Where is video innovation at the edge? What will the next generation video cloud platform look like? This LiveVideoStackCon 2021 Beijing station we invited Huawei cloud media services RTC senior product expert Lu Zhihang teacher, from Serverless as the bearer platform, to open and professional media processing capacity as the core value direction, Discuss the next generation competitiveness of video cloud and edge cloud platform.

Article | Lu Zhihang

Finishing | LiveVideoStack

Let me introduce myself briefly. My name is Lu Zhihang, from Huawei Cloud Media Service Product Department. I joined Huawei after graduation and have been in charge of video-related businesses, from IPTV, to OTT business of operators, to CDN of public cloud and live broadcasting business. In the past two years, I have been engaged in RTC-related work, and now I am the product manager of RTC.

The reason why I want to talk with you about Serverless system is closely related to the development process of the whole team. The cloud video team has been established at the beginning of the establishment of Huawei Cloud, and all of them are audio and video experts for business development. After several years of accumulation, we gradually provide live broadcasting, on-demand, AR, VR, free perspective and RTC related services. With the expansion of business, the architecture is also evolving. The deployment position is from offline to online, including the complete cloud native now. At present, we are exploring and constructing Serverless, so we share some Serverless related content. The sharing will be carried out from four aspects. Firstly, I will talk about Serverless’s past life and see what direction Serverless will develop in. Secondly, the pits encountered in the process of building Serverless are summarized for the key elements of Serverless platform. Then the Serverless platform architecture and other key features are summarized. Finally, make an overall summary.

1. Where is Serverless heading?

First, take a look at where Serverless is headed.

There are more and more discussions about Serverless in the industry. What is the definition of Serverless? According to CNCF, there are three key words: function, pay on demand and elastic scaling.

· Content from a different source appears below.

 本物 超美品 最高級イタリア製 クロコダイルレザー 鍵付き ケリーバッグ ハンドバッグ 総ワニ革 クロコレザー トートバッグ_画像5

Review the evolution of architecture in the software industry. In our early days, virtual machines were used to deploy businesses. Developers needed to deploy their own operating systems, such as centos and Ubunutu, runtime, such as JAVA’s JRE, and a set of middleware, such as Kafka, a messaging middleware. Finally, based on these layers of capabilities, they wrote business codes, built application software, and completed the final requirements. However, due to heterogeneous hardware, operating systems, and versions, it is difficult to expand, migrate, and operate applications. Therefore, Docker and K8S emerge at the right moment. The emergence of container technology has completely changed the development mode of developers, and people begin to find that microservice framework with container makes their deployment easier. Since then, computing resources have become ubiquitous, and applications can run wherever containers can run.

But programmers in the “lazy” thing is endless, so we are not satisfied with the Serverless technology, developers even container, runtime middleware also do not need to take care of, all the basic capabilities required by the application are unified by the bottom, developers only need to pay attention to their own application logic.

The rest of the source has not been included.